# green or blue lights?



## michaelalex17 (Jun 8, 2012)

hello. i have just become an EMT in NY. i want to get lights on my car. are they supposed to be blue or green? thanks


----------



## Medic Tim (Jun 8, 2012)

There are several threads here that answer your question. Try the search feature. 
If you have to ask this question here it is probably for the best that you don't have or use one. There is much more to ems than having a flashy blue light in you pov. It can be quite dangerous especially for the inexperienced. Your department will fill you in on the specifics....if they even allow/use them. 

Welcome to EMTLife


----------



## michaelalex17 (Jun 8, 2012)

ok thank you very much. i am new to the forum so i didnt know how to search. since you already answered my q though you said blue lights. i was just trying to learn about the POV lights. can green be used? or only blue? sorry for the noob question


----------



## Medic Tim (Jun 8, 2012)

michaelalex17 said:


> ok thank you very much. i am new to the forum so i didnt know how to search. since you already answered my q though you said blue lights. i was just trying to learn about the POV lights. can green be used? or only blue? sorry for the noob question



Your best answer will come from your department.
That said..... I may be wrong but I believe you will need a letter from your chief or ops manager or whatever to have a light.


----------



## michaelalex17 (Jun 8, 2012)

Medic Tim said:


> Your best answer will come from your department.
> That said..... I may be wrong but I believe you will need a letter from your chief or ops manager or whatever to have a light.



ok thank you very much


----------



## Achilles (Jun 8, 2012)

IMO you should stay away from green, green light is usually center of command.


----------



## michaelalex17 (Jun 8, 2012)

Achilles said:


> IMO you should stay away from green, as a FF, green light is usually center of command. Usually the question is over red or blue...



interesting. i appreciate the input.


----------



## Cawolf86 (Jun 8, 2012)

I was so confused.
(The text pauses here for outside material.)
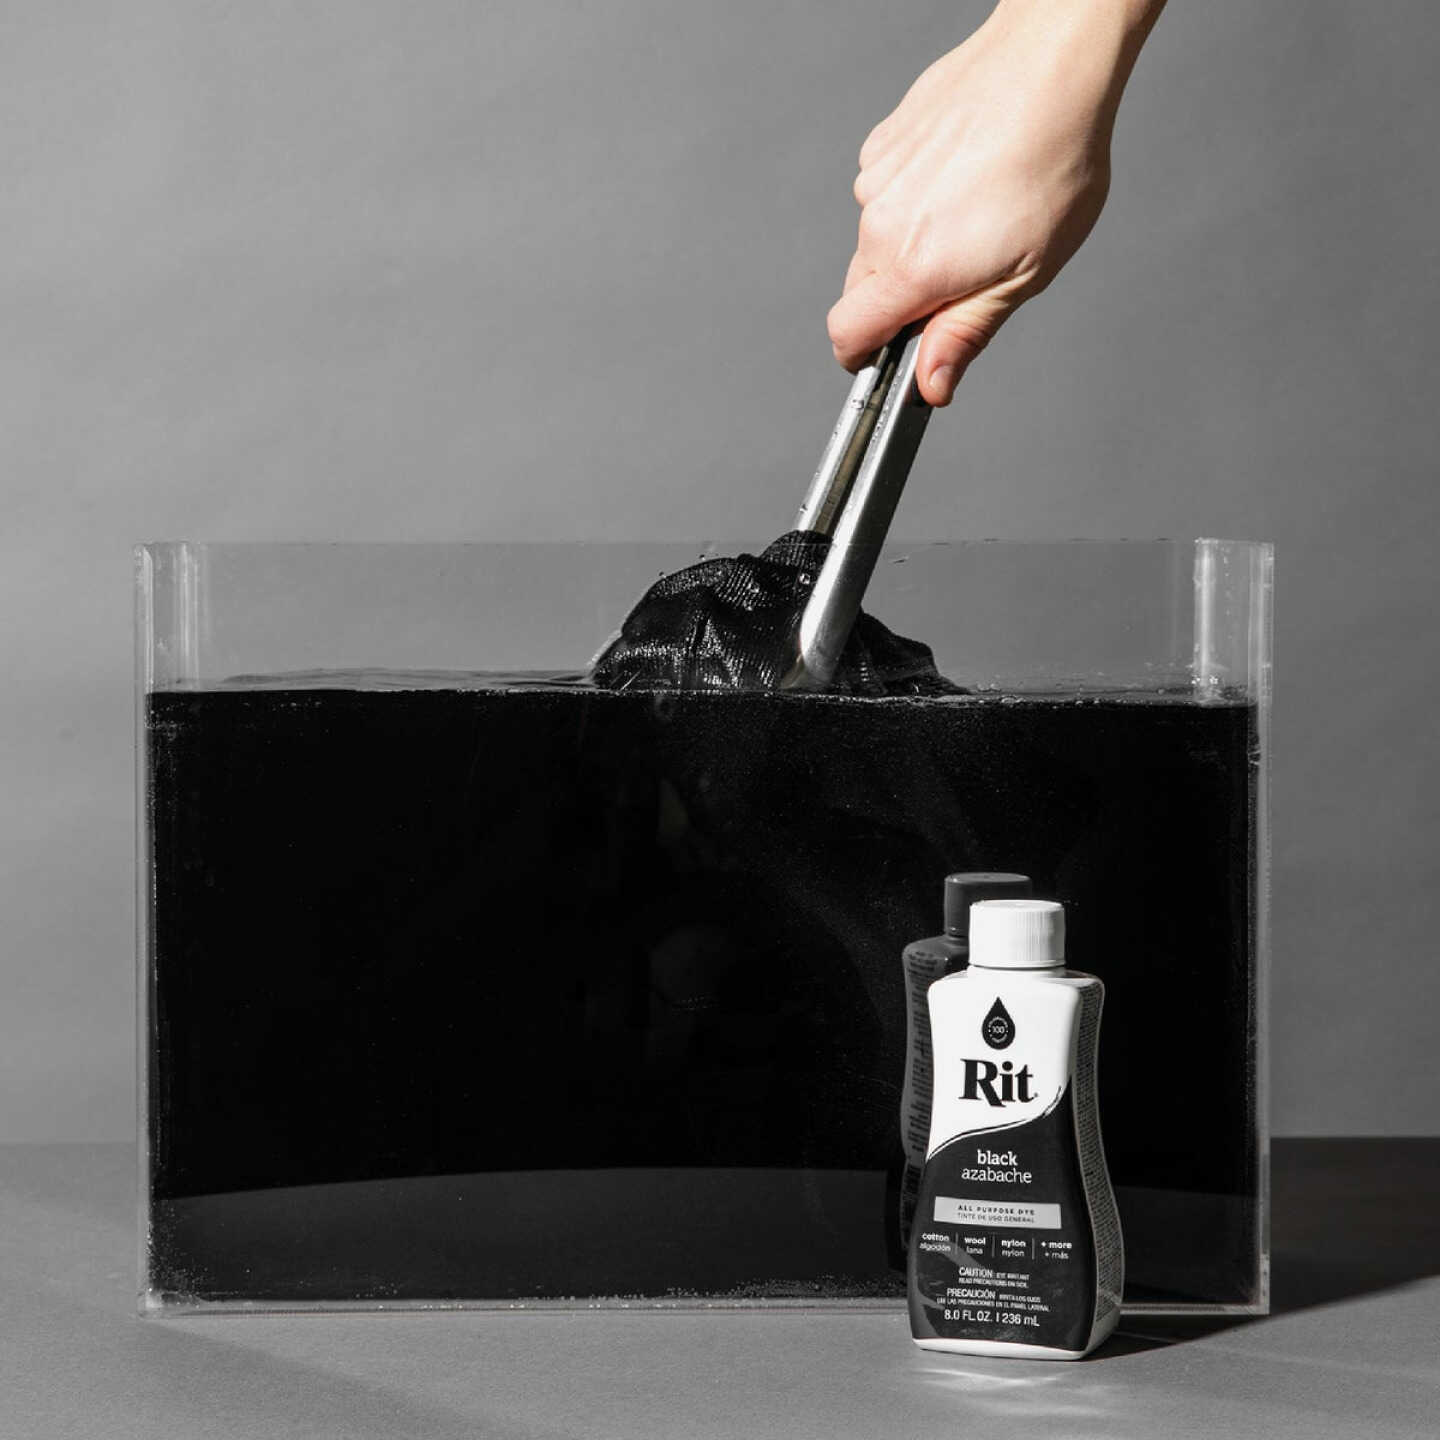 Rit Black 8 oz Liquid Dye - Groom & Sons' Hardware

I just replied to this thread. 

Then I see he posted it in multiple forums.....


----------



## DrParasite (Jun 8, 2012)

Achilles said:


> IMO you should stay away from green, green light is usually center of command.


which would be good advice, but it's wrong in NYS.  completely 100% wrong, according to New York State laws.  This is why it's not always a good idea to take advice from people worldwide on something that has local regulations.

If you are part of a FD, you should get blue.

If you are part of an EMS agency, you should get green.

Either way, make sure you get the appropriate approvals from your internal command staff and your local law enforcement/government agency before you start outfitting your care with lights.


----------



## michaelalex17 (Jun 9, 2012)

DrParasite said:


> which would be good advice, but it's wrong in NYS.  completely 100% wrong, according to New York State laws.  This is why it's not always a good idea to take advice from people worldwide on something that has local regulations.
> 
> If you are part of a FD, you should get blue.
> 
> ...



thank you. i will definitely look into the chain of command in terms of getting approved. thanks again everyone who answered.


----------



## bstone (Jun 10, 2012)

If you equip your POV with flashing lights without agency/county/state approval then you run the risk of being in violation of the law. You may want to speak to a lawyer before doing this.


----------



## truetiger (Jun 10, 2012)

Are you part of an agency/department? Do they require you get  a blue/green light? If not i suggest you withhold from getting a blue/green light. It will cause nothing but trouble....


----------



## medicnick83 (Jun 10, 2012)

Here in ZA, there are lots of 'newbies' who have red lights all over the cars (we use red for ambulances and response cars) 

Many don't seem to know that you must be a registered 'response' vehicle to use those reds and if you are caught by 'traffic' for using them, you'll get a massive fine.

My advice; don't do it - not unless you follow the correct procedures (if you are required too) and some more advice; "work stays at work - don't bring work home!"


----------



## michaelalex17 (Jun 10, 2012)

medicnick83 said:


> Here in ZA, there are lots of 'newbies' who have red lights all over the cars (we use red for ambulances and response cars)
> 
> Many don't seem to know that you must be a registered 'response' vehicle to use those reds and if you are caught by 'traffic' for using them, you'll get a massive fine.
> 
> My advice; don't do it - not unless you follow the correct procedures (if you are required too) and some more advice; "work stays at work - don't bring work home!"



i dont know where you guys got the idea that i was going to do this without permission. i said on the first page i would look into getting aproval for it. if its not approved then i would never get the lights.


----------



## NomadicMedic (Jun 10, 2012)

michaelalex17 said:


> i dont know where you guys got the idea that i was going to do this without permission. i said on the first page i would look into getting aproval for it. if its not approved then i would never get the lights.



Sorry if you felt we jumped to conclusions, however, we get a lot of these posts from new EMTs who ask all the same questions… Where do I get oxygen for my car? Where do I get blue lights for my car? How much stuff should I carry in my car "just in case"?

Really, this is a question that your FTO or orientation officer should be able to address with you. Ask him or her the question, "so, should I get blue or green lights for my car?" They'll tell you everything you need to know about how to mark your vehicle with response lights.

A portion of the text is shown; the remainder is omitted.